Despite the widespread popularity of the Cy® dyes and Alexa Fluor® family, there is a trade-off with sulfonation. The added negative charge increases solubility and photostability at the expense of increasing non-specific binding to positively charged moieties of biomolecules inside cells and tissues. This leads to an increase in non-specific background staining and lower image contrast. In addition, sulfonation causes the molecule to become more hygroscopic, inhibiting protein conjugation by increasing hydrolysis of NHS ester and maleimide active groups. It wouldn’t be until the late 2000s when Biotium founder Fei Mao and other colleagues addressed the issues of sulfonation. Their new CF® dyes are the next breakthrough in fluorescent dye technology and solves the problem of non-specific background from sulfonation without compromise.

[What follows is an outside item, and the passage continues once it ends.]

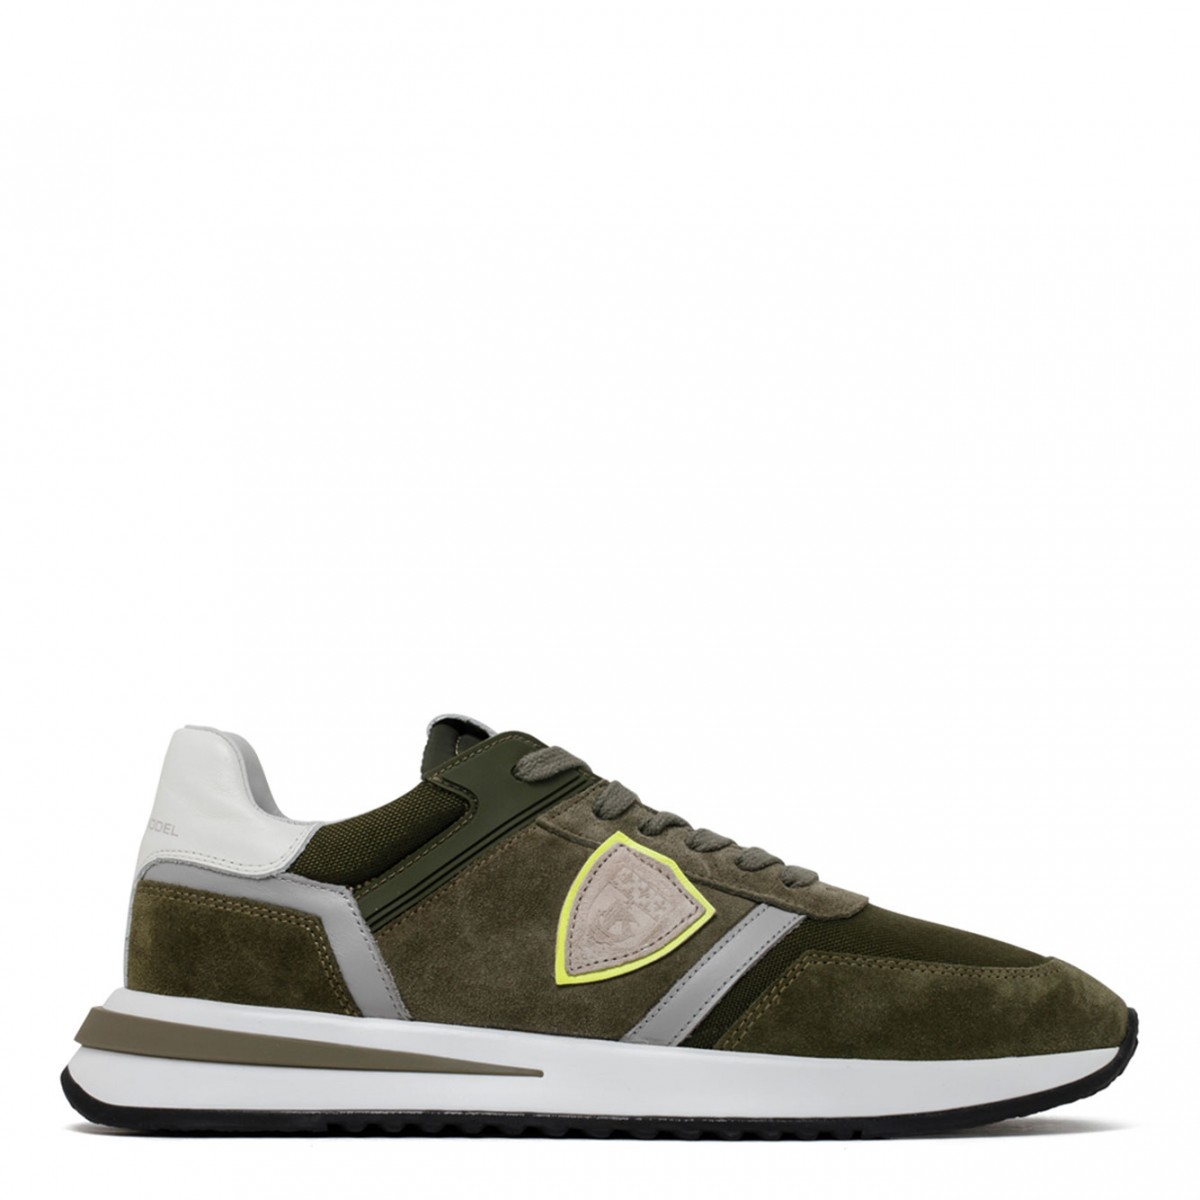 Military Green and White Suede Tropez 2.1 Sneakers

In Part 2 of this series, we’ll look at the mechanisms behind fluorescence, how chemical modifications alter biocompatibility, and why our cutting-edge CF® dyes further advance the field of fluorescence. Stay tuned!

 

References

  1. Lavis, L. D. & Raines, R. T. Bright building blocks for chemical biology. ACS Chem. Biol. 9, 855–866 (2014).
  2. Coons, A. H. The beginnings of immunofluorescence. J. Immunol. 87, 499–503 (1961).
  3. McKay, I. C., Forman, D. & White, R. G. A comparison of fluorescein isothiocyanate and lissamine rhodamine (RB 200) as labels for antibody in the fluorescent antibody technique. Immunology 43, 591–602 (1981).
  4. Pavlak, A. Fluorescence Guru: Alan Waggoner Illuminates a Field. Science Connection (2007).
  5. Southwick, P. L. et al. Cyanine dye labeling reagents—carboxymethylindocyanine succinimidyl esters. Cytometry 11, 418–430 (1990).
  6. Ernst, L. A., Gupta, R. K., Mujumdar, R. B. & Waggoner, A. S. Cyanine dye labeling reagents for sulfhydryl groups. Cytometry 10, 3–10 (1989).
  7. Mujumdar, R. B., Ernst, L. A., Mujumdar, S. R. & Waggoner, A. S. Cyanine dye labeling reagents containing isothiocyanate groups. Cytometry 10, 11–19 (1989).
  8. Mujumdar, R. B., Ernst, L. A., Mujumdar, S. R., Lewis, C. J. & Waggoner, A. S. Cyanine Dye Labeling Reagents: Sulfoindocyanine Succinimidyl Esters. Bioconjugate Chemistry 4, (1993).
  9. Panchuk-voloshina, N. et al. Alexa Dyes , a Series of New Fluorescent Dyes that Yield. J. Histochem. Cytochem. 47, 1179–1188 (1999).